Proliferative glomerulonephritis with unusual microlamellar organized deposits related to monoclonal immunoglobulin G3 (IgG3) kappa.

作者信息

Mii Akiko, Shimizu Akira, Takada Daisuke, Tsuruoka Shuichi

机构信息

Department of Nephrology, Nippon Medical School, 1-1-5, Sendagi, Bunkyo-ku, Tokyo, 113-8602, Japan.
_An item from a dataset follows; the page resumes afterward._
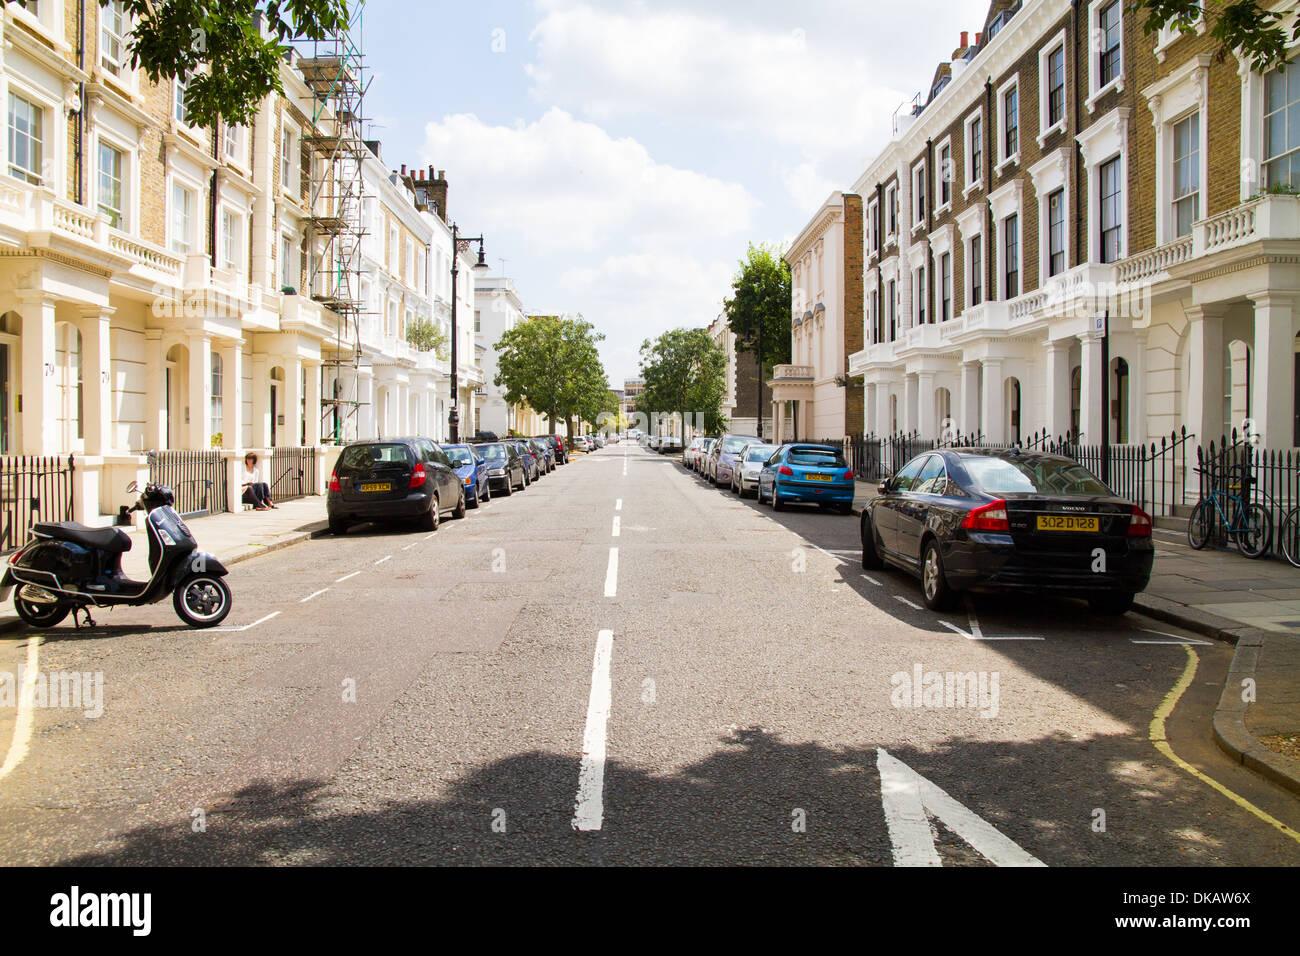 Eine wohlhabende terrassenförmig angelegten Straße in West London Pimlico Westminster London Stockbild

Department of Analytic Human Pathology, Nippon Medical School, Tokyo, Japan.

出版信息

CEN Case Rep. 2018 Nov;7(2):320-324. doi: 10.1007/s13730-018-0351-0. Epub 2018 Jul 9.

Abstract

A 71-year-old woman presented with massive proteinuria and microhematuria. Renal biopsy showed diffuse global membranoproliferative and endocapillary proliferative lesions with leukocytic infiltration and an irregular duplication of the glomerular basement membrane on light microscopy. Immunofluorescence study showed granular deposits of monoclonal immunoglobulin G3 (IgG3) kappa, C3, and C1q in the glomeruli. Electron microscopy revealed unique structurally organized microlamellar electron-dense deposits. There was no evidence of systemic diseases such as paraproteinemia, cryoglobulinemia, or systemic lupus erythematosus. Following renal biopsy, the oral administration of mizoribine in addition to predonisolone gradually improved the patient's clinical status. So far, partial remission has continued for a year, and she has not been affected with hematopoietic or lymphoproliferative disorders. We report a case of proliferative glomerulonephritis with unusual microlamellar organized deposits related to monoclonal IgG3 kappa. Our case was immunologically identical to proliferative glomerulonephritis with monoclonal IgG deposits (PGNMID). Therefore, we concluded that our case should be categorized as an atypical form of PGNMID, though it was difficult to diagnose using the usual diagnostic approach to glomerular diseases with organized deposits.

摘要

一名71岁女性出现大量蛋白尿和镜下血尿。肾活检显示,光镜下有弥漫性全膜增生性和毛细血管内增生性病变,伴有白细胞浸润,肾小球基底膜不规则重复。免疫荧光研究显示肾小球内有单克隆免疫球蛋白G3(IgG3)κ、C3和C1q的颗粒状沉积。电子显微镜显示有独特的结构组织化微层状电子致密沉积物。没有证据表明存在系统性疾病,如副蛋白血症、冷球蛋白血症或系统性红斑狼疮。肾活检后,除泼尼松龙外口服咪唑立宾逐渐改善了患者的临床状况。到目前为止,部分缓解已持续一年,且她未受到造血或淋巴增殖性疾病的影响。我们报告一例与单克隆IgG3κ相关的具有不寻常微层状组织沉积的增生性肾小球肾炎病例。我们的病例在免疫学上与单克隆IgG沉积的增生性肾小球肾炎(PGNMID)相同。因此,我们得出结论,尽管使用常规的有组织沉积的肾小球疾病诊断方法难以诊断,但我们的病例应归类为PGNMID的非典型形式。